III. EXPERIMENTAL
In this work, one type of commercial grid connected
single phase inverters, rating at 5000 W is implemented and
its model is determined. The experimental system composes
of DC power supplies, a digital power meter, a digital
oscilloscope, resistive (R), inductance (L) and capacitive (C)
loads, a AC power system and a computer. Waveforms are
collected by an oscilloscope and transmitted to a computer to
calculate power waveforms in single input and single output
(SISO) type batch processing. In order to obtain the model
which can validate in the any situation, the Cross-validation
technique is applied. In the experimental, testing is done
when the inverter operates in six steady state conditions.
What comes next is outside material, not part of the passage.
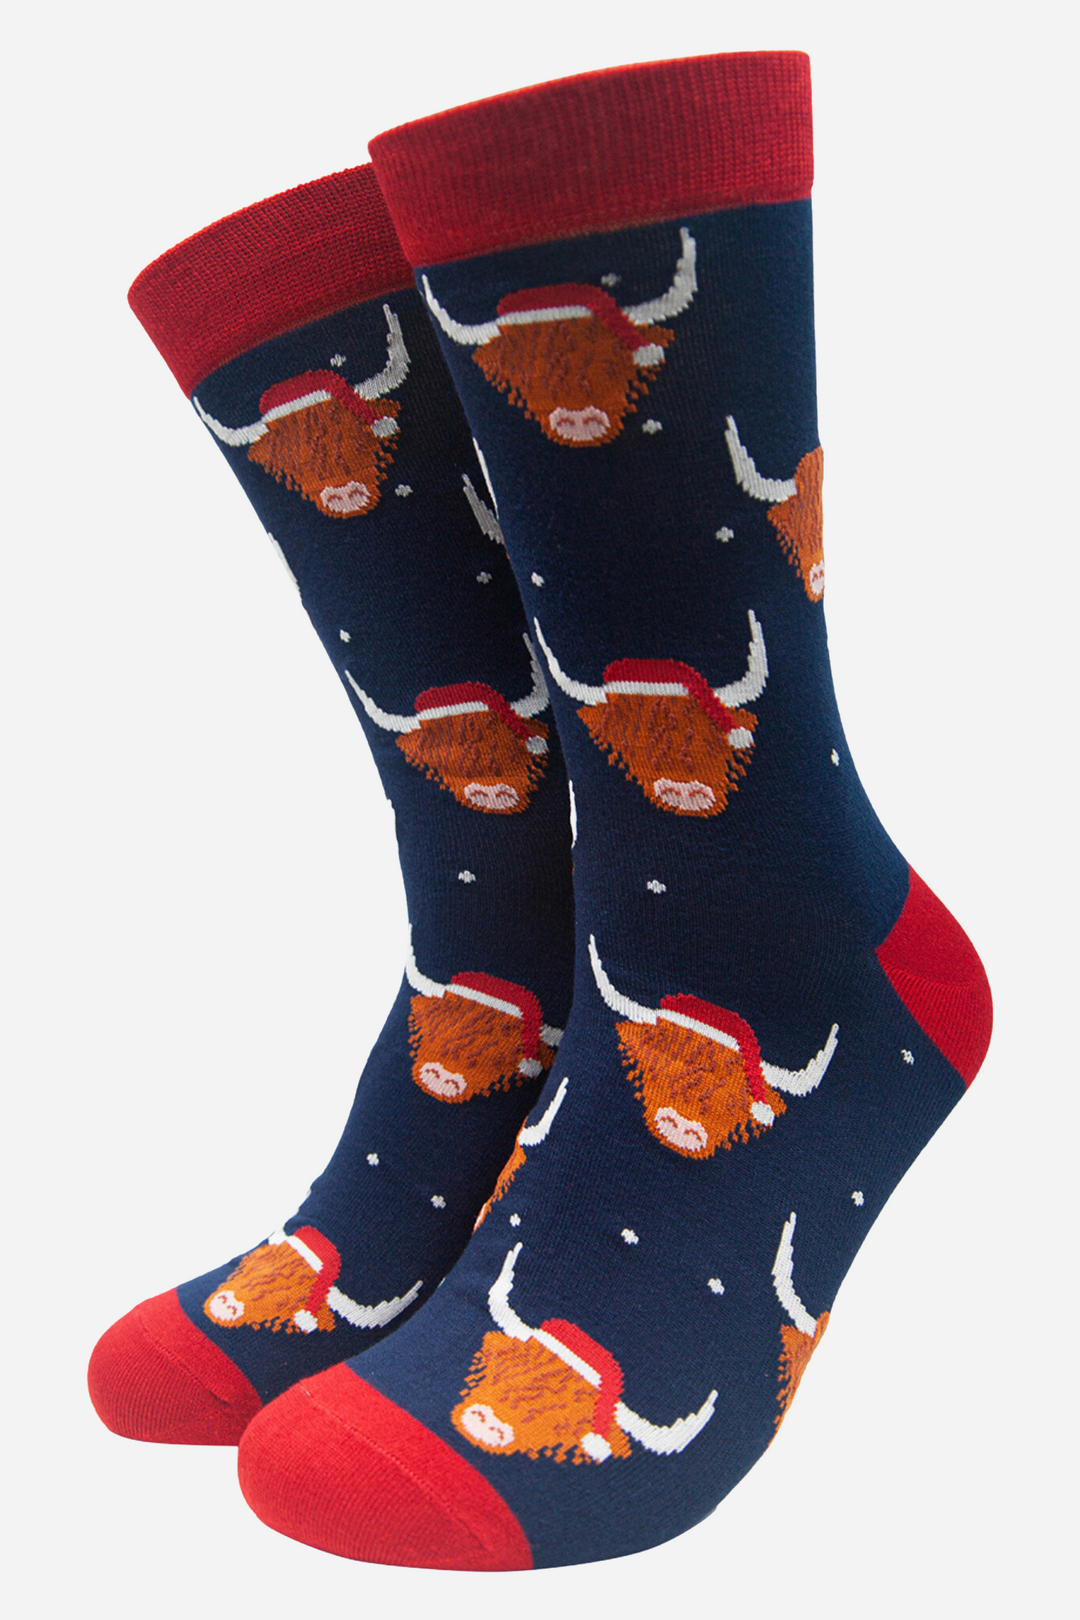 navy blue socks featuring highland cows wearing santa hats

These conditions compose of three voltage change
conditions an three current change conditions. Then two
experiments are designed follow as system modeling using
cross validation and no cross validation technique. The
power waveform data are divided in two groups. One group
is used as data to estimate model or training model whereas
the other group is used to validate models. The waveform
from inverter which operates in normal condition is used to
be a training set and validation set. The six conditions data
are used to verify as independent data sets. The accuracy of
each case has been observed. In case of cross validation, the
training data is obtained from cascading six subsamples in
one group and validation data is constructed from expansion
of another group from training data. The six conditions are
verified as independent data sets again one by one. Then, the
accuracy of no cross validation and using cross validation
technique has been compared. The comparison of both case
are evaluated following to the system identification process
in Fig. 2. The implementation of the process has developed
by programming using the MA TLAB software in order to
check accuracy of waveforms and find waveforms of the
maximum accuracy compared with actual waveforms. This
is executed by selecting model structures and adjusting the
model order of the linear terms and nonlinear estimators of
nonlinear system identification. The next process, iterative
simulation waveform and experimented have been compared
until the best model performance is derived by results
include a quantitative measure of the model quality in terms
of goodness of fit to estimation data. The percentage of best
fit accuracy is obtained from comparison between
experimental waveform and simulation modeling waveform.